Poor adherence to medications is an issue that is often linked with depression in conceptual papers but rarely addressed in clinical studies. Adherence describes a person's implementation of a health related behavioural prescription, such as correctly taking a medication, or exercising according to an agreed plan. Depression is one the most consistent determinants of poor adherence to physical treatments [13
] and medication [14
]. Poor adherence is often postulated to mediate the effects of depression on cardiovascular outcomes. To date, however, there has been no RCT evaluating whether an intervention designed to improve depression in those with co-morbid CVD also improves adherence to preventative therapies.
In addition to the range of poor physical health outcomes, depression is also associated with impaired cognition. Typically, dysfunction is evident in those regions mediated by fronto-subcortical brain circuitry, with impairments being most pronounced in processing speed, executive functioning and memory [15
]. These impairments are predictive of disability and poor quality of life [16
] and often persist despite symptom resolution [17
]. While the precise mechanisms are unknown, cognitive impairment in older people with depressive symptoms may be due to a combination of underlying cerebrovascular disease, as well as the direct neurotoxic effects of depression itself. This research underscores the need to deliver targeted interventions for these modifiable risk factors as early as mid-life [18
]. To-date, no known trials have evaluated the effect of treating depressive symptoms upon the subtle early cognitive impairments observed in this 'at risk' group.
Taken together, the literature on depression and CVD would suggest that there exists a group of individuals with both higher cardiovascular risk and depressive symptoms whose coexistence can initiate a negative spiral towards worse CVD and mental health outcomes. Taken in turn, this is likely to have deleterious effects on cognitive functioning, and levels of disability. Given the rapidly, ageing population, there is a need to address these issues on a large-scale at primary and secondary levels of prevention. Internet or web-based interventions (e-health) may be ideally suited for this purpose since they have been shown to deliver efficacious psychological intervention programs for depression [19
] on a large scale in a cost effective manner. Moreover, there is evidence that internet interventions are preferentially sought for their anonymity, their capacity to be used privately at home and for their lack of face-to-face contact. As such they may increase participation among individuals who might not otherwise seek care [20
]. Middle-aged men, a key target group for early cognitive decline, are particularly hard to engage in standard health care. Internet interventions - if automated - are able to deliver interventions with fidelity, giving them an advantage over other types of programs.
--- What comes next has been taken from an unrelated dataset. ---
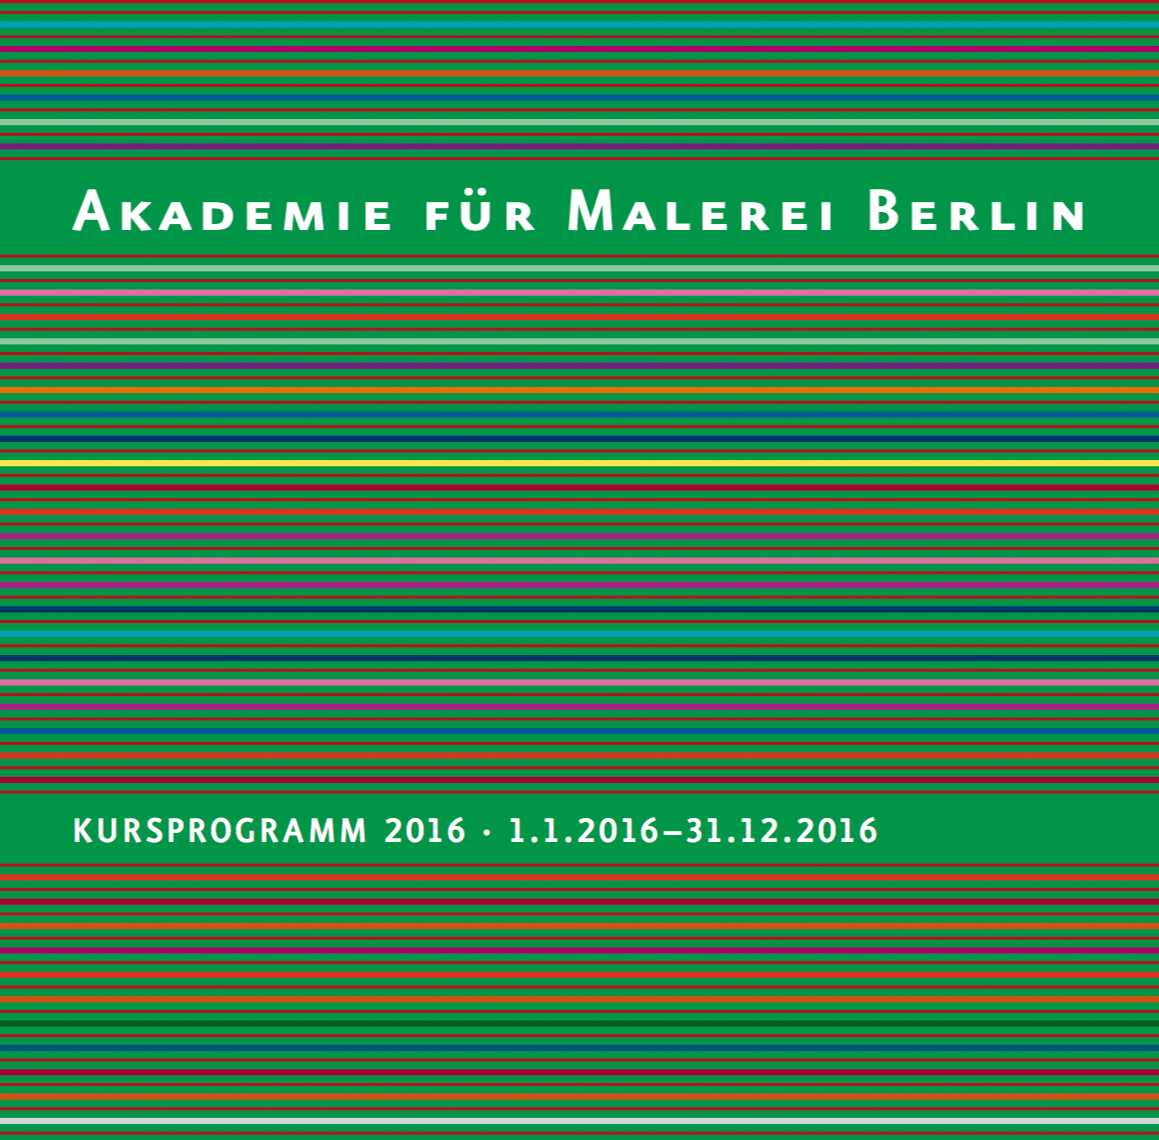 programm 2016 akademie f r malerei berlin. Black Bedroom Furniture Sets. Home Design Ideas

In younger samples, data suggests that internet interventions are effective for a range of mental health symptoms including depression, post traumatic stress disorder, and eating disorders [21
] and some studies have shown sustainable benefits [22
]. To-date, there have been no published evaluations of web-based treatments for mood and co-morbid physical disorders in older people, although trials in younger samples appear to be underway [23
The primary aim of the Cardiovascular Risk, E-couch Depression Outcome (CREDO) research trial is to determine the efficacy of an internet intervention program for depression (e-couch) on depressive symptoms in people being treated for, or at risk of developing CVD. The secondary aims are to determine the immediate, six and 12-month efficacy of the same intervention on cognitive function and adherence to treatment for CVD.